Intervention de Jean-Michel Clément

Réunion du mercredi 14 octobre 2020 à 9h30
Commission des affaires étrangères

Photo issue du site de l'Assemblée nationale ou de WikipediaJean-Michel Clément :

Je souhaite moi aussi féliciter notre rapporteur pour l'excellent travail qu'il conduit sur la problématique de l'eau à l'échelle mondiale. Tous ceux qui ont fait de la coopération décentralisée connaissent l'importance de ce vecteur de développement, notamment dans les pays africains.

Conduire une politique environnementale ambitieuse et exemplaire en France pour porter ce message à l'international : tel est le vœu que vous formulez, monsieur le rapporteur pour avis, dans l'introduction de votre rapport. Vous estimez que le projet de loi de finances dont nous débattons lui en donne les moyens.
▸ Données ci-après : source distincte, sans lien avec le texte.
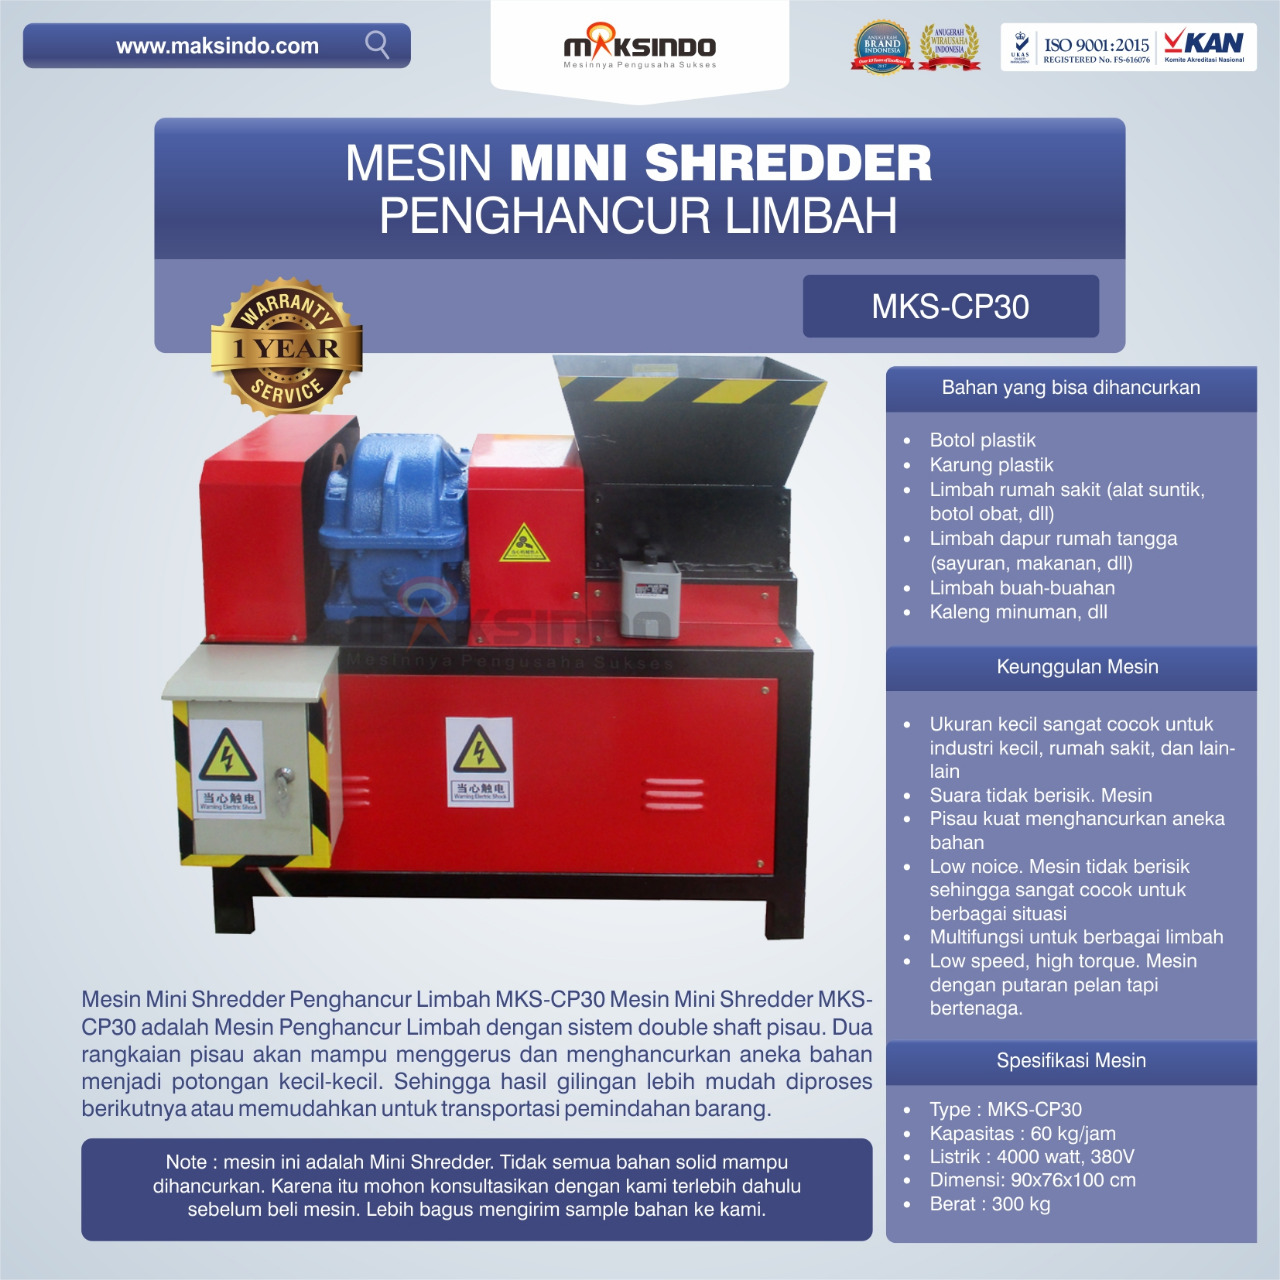 Jual Mesin Mini Shredder Penghancur Limbah MKS-CP30 di Semarang

Je dois vous dire d'emblée que je ne partage pas votre enthousiasme, tant les changements de modèles que nous devons opérer dans de nombreux domaines sont importants.

Tout d'abord, dans le domaine des transports, ce ne sont pas les mobilités douces ou durables – peu importe l'appellation – qui nous feront progresser rapidement dans la réduction des gaz à effet de serre, mais bien la réduction des véhicules thermiques au profit des hybrides et des électriques, sans pour autant pénaliser ceux qui n'auront pas les moyens de les acquérir ou de les utiliser. Sans moyens appropriés, les fractures sociale et territoriale risquent encore de se creuser ; je ne sais pas comment le projet de budget pour l'écologie va répondre à cela.

Dans le domaine de l'agriculture et de l'alimentation, nous n'arrivons toujours pas à nous défaire des modèles agricoles qui ont structuré l'agriculture jusqu'à maintenant et auxquels s'accroche encore la pensée agricole dominante. Le retour des néonicotinoïdes et le maintien du glyphosate, toujours autorisé, ne participent pas à l'exemplarité souhaitée.

S'agissant de la problématique de l'eau, en quoi sommes-nous exemplaires ? Selon la loi, l'eau appartient au patrimoine commun de la nation ; pourtant, ce bien commun est encore trop souvent privatisé par des groupes financiers concessionnaires de collectivités locales, lesquelles ont parfois beaucoup de difficultés à se défaire de ces concessions de longue durée.

L'eau est également privatisée par des usagers au nom d'une prétendue participation positive à la balance commerciale. Je suis originaire d'une région rurale et agricole et, chez nous, le maïs est en train d'envahir les plaines parce qu'il y a un port à La Rochelle pour exporter le maïs. Un kilo de maïs contient 48 % d'eau : cela veut dire qu'on exporte 48 % d'eau lorsque l'on exporte un kilo de maïs. Quelle est cette hérésie ? À l'échelle mondiale, 79 % de l'eau est utilisée pour l'agriculture. Nous pourrions peut-être commencer par réduire notre participation dans cette production.

Par ailleurs, certains affirment que, pour lutter contre la sécheresse, il faudrait stocker l'eau qui tombe en hiver pour l'utiliser en été. Or cette eau est souvent complétée par des prélèvements en subsurface, une eau de qualité, davantage destinée à la consommation qu'à un usage agricole. Le débat sur les bassines, qui agite le Poitou-Charentes chaque week-end, mériterait autre chose que cette vision de l'économie agricole.

À l'échelle mondiale, l'accès à l'eau deviendra, à n'en pas douter, un enjeu géopolitique majeur. Si la France se veut être un modèle, il lui reste beaucoup à faire. Les opérations de coopération décentralisée, certes très utiles, sont malheureusement insuffisantes compte tenu des moyens dévolus aux collectivités locales. La transition écologique devrait être une feuille de route obligatoire. Une mission « Écologie, développement et mobilité durables » dans le budget ne suffit pas : cette dimension devrait être prise en compte de manière transversale dans chaque budget. Alors seulement nous pourrions faire figure de modèle pour les autres pays.